What remains to be seen is what result would occur in a case where, like in Tim Hortons, the franchisor made a calculated decision to enact system-wide changes to maintain the health and viability of the franchise system, but, like in Dunkin' Donuts, the system suffered a decline in the face of competition from other brands. What if, despite the wealth of evidence in Tim Hortons supporting the well-intentioned decision making behind "Always Fresh", and the finding that Tim Hortons was within the confines of the franchise agreements, the move had not produced the intended result of increasing franchisee profitability and success? Would a court taking a similar view to that of the Quebec court in Dunkin' Donuts find the franchisor's actions to be valid regardless of the outcome? Or would the court find the franchisor had not acted quickly or decisively enough to remain relevant and competitive in the QSR market? The curious logic of Dunkin' Donuts certainly raises the question of how far the court will step in to decide exactly what the franchisor's obligation to "protect and enhance" the brand requires. How close will the court come to second-guessing the business judgment of franchisors when well-intentioned changes go awry or fail to live up to expectations? As always, future cases will be determined on the unique facts of each case and the terms of the agreements at issue, but for now the "Donut Wars" gives us at least one important lesson – in a dynamic and competitive QSR market, franchisors must certainly strive to adapt to change.
* Orginally published in the May 2013 (Vol 17, No 1) edition of International Franchising, the International Bar Association's franchising newsletter.
1. Fairview Donut Ltd. v. TDL Group Corp. Ltd., 2012 ONSC 1252 [Tim Hortons OSCJ]; aff'd by 2012 ONCA 867 [Tim Hortons ONCA].
2. Bertico Inc. c. Dunkin' Brands Canada Ltd., 2012 QCCS 2809 [Dunkin' Donuts].
3. The court did certify the action as a class proceeding, but that certification was rendered moot as a result of the summary judgment decision.
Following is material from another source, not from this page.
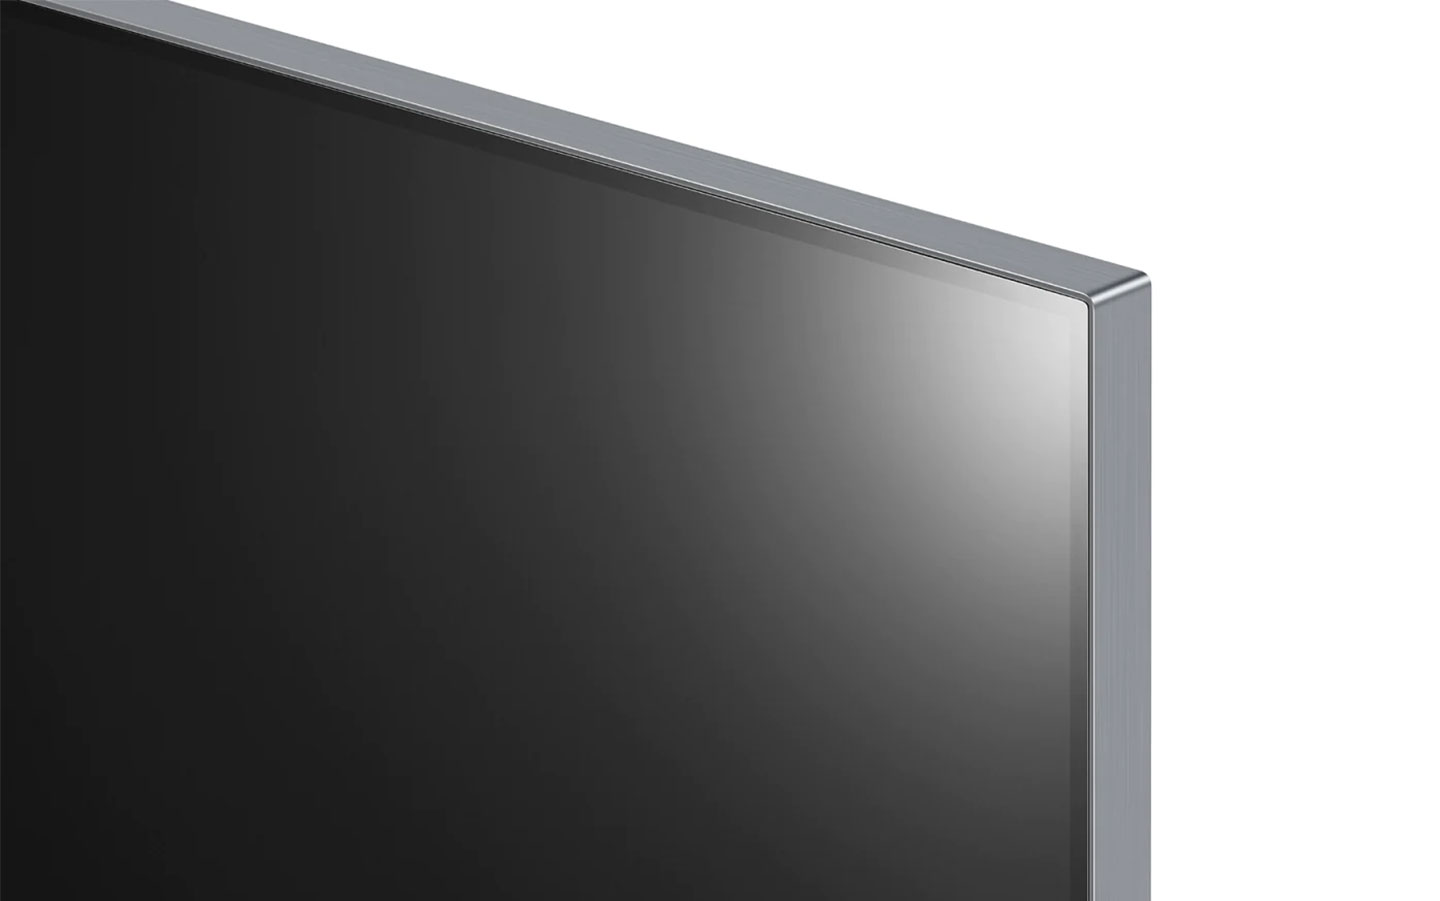 極窄的邊框讓 LG OLED evo G2 零間隙藝廊系列畫面的視覺干擾得以降至最低。

4. Tim Hortons OSCJ, supra at para. 679.
5 Tim Hortons OSCJ, supra at para. 428.
6. Tim Hortons ONCA, supra at para. 5.
7. Tim Hortons ONCA, supra at para. 6.
8 Fairview Donut Inc. v. TDL Group Corp. Ltd., 2013 CarswellOnt 1782 (SCC).
9. Dunkin Donuts, supra at paras, 1, 128.
10. Dunkin Donuts, supra at para. 30.
11. Dunkin Donuts, supra at para. 38.
12. Dunkin Donuts, supra at para. 71.
13. Dunkin Donuts, supra at paras 57-58.
14. Dunkin Donuts, supra at para. 96.
15. For discussion of the "Business Judgment Rule" in Canadian law see BCE Inc. v. 1976 Debenture Holders, 2008 SCC 69; see also Peoples Department Stores Inc. (Trustee of) v. Wise, 2004 SCC 68.
16 Tim Hortons OSCJ, supra at para. 41.